- **Task**:
All of the data should be output character for character, except the pictures.

- **Dataset extract**:
+ + + + +

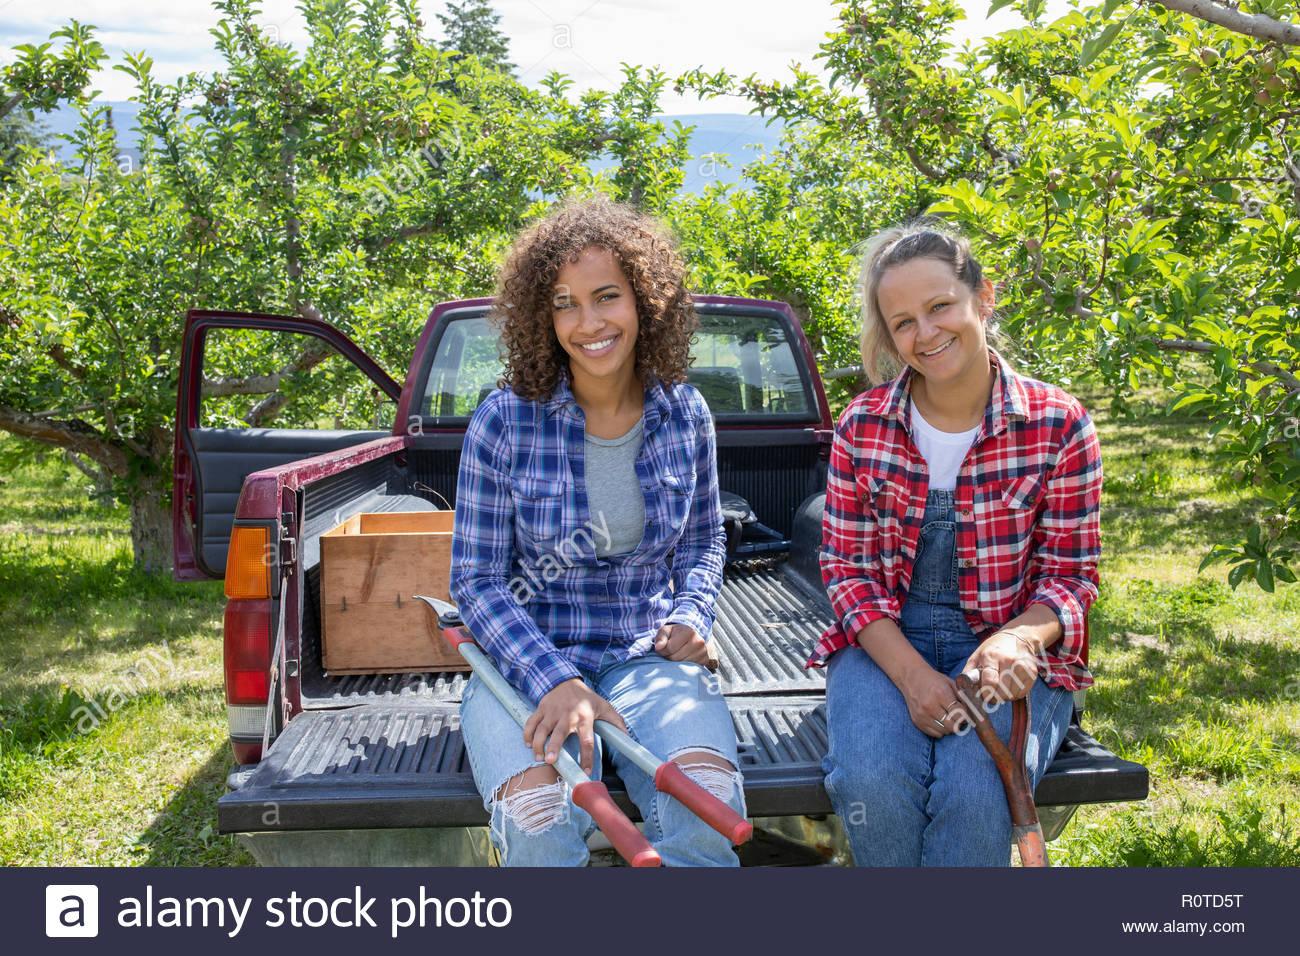 Retrato sonriente, confiados a las agricultoras sentado en la parte trasera de la carretilla en huerto Imagen De Stock
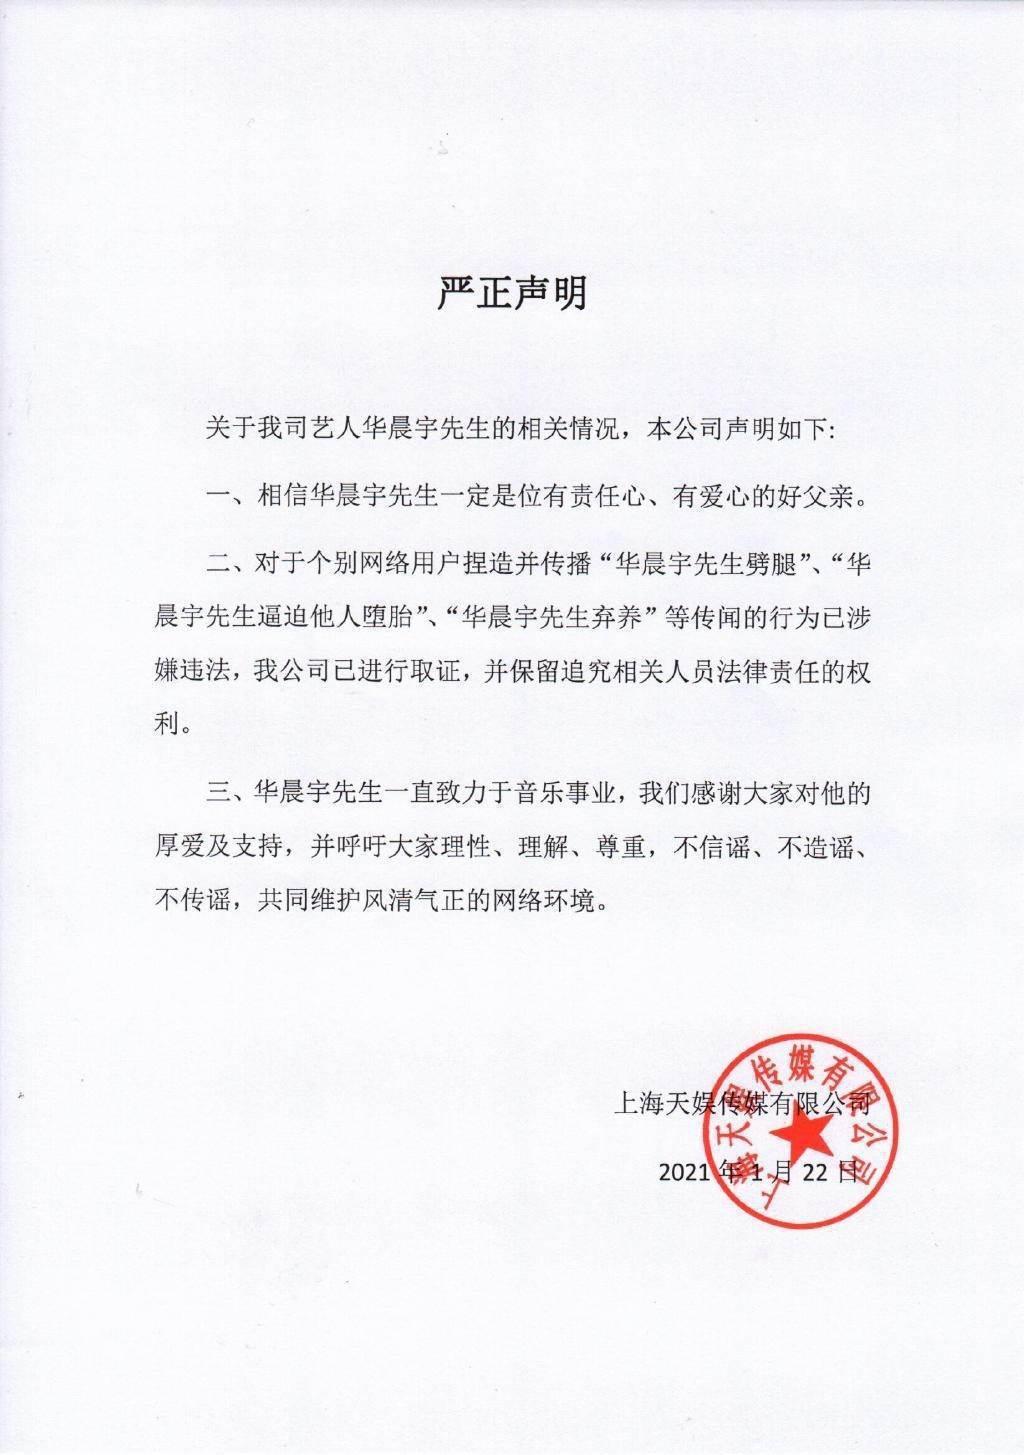 華晨宇工作室怒發聲明駁斥謠言。圖/摘自華晨宇工作室微博
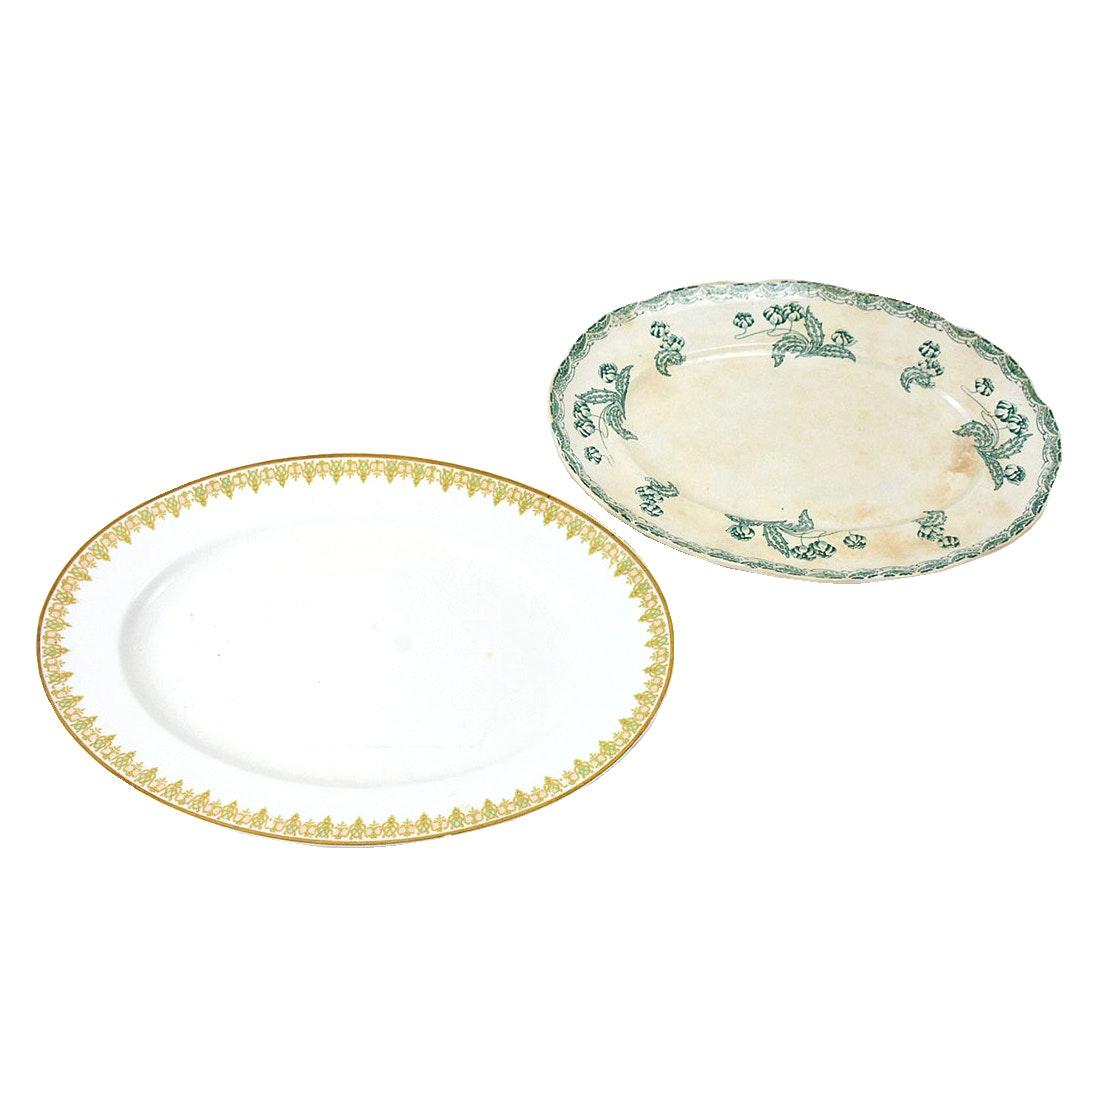 Vintage China Platters Including Limoges France
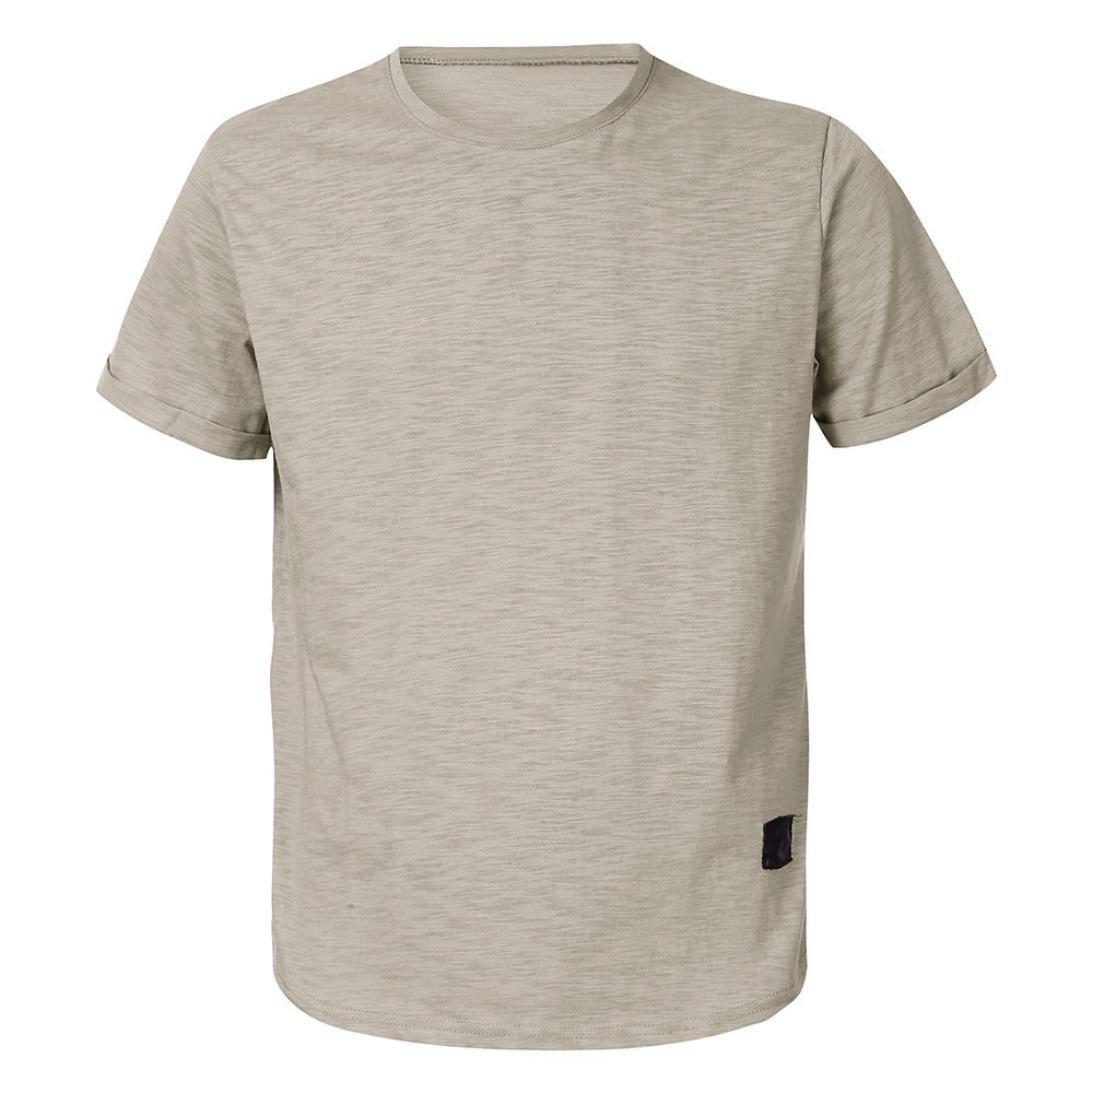 WWricotta Camisetas Hombre Manga Corta Color Puro Músculo Gimnasio Deporte Slim Fit Streetwear Camisas Casual Sudaderas: Amazon.es: Deportes y aire libre

+ + + + +

- **Result**:
 Retrato sonriente, confiados a las agricultoras sentado en la parte trasera de la carretilla en huerto Imagen De Stock
 華晨宇工作室怒發聲明駁斥謠言。圖/摘自華晨宇工作室微博
 Vintage China Platters Including Limoges France
 WWricotta Camisetas Hombre Manga Corta Color Puro Músculo Gimnasio Deporte Slim Fit Streetwear Camisas Casual Sudaderas: Amazon.es: Deportes y aire libre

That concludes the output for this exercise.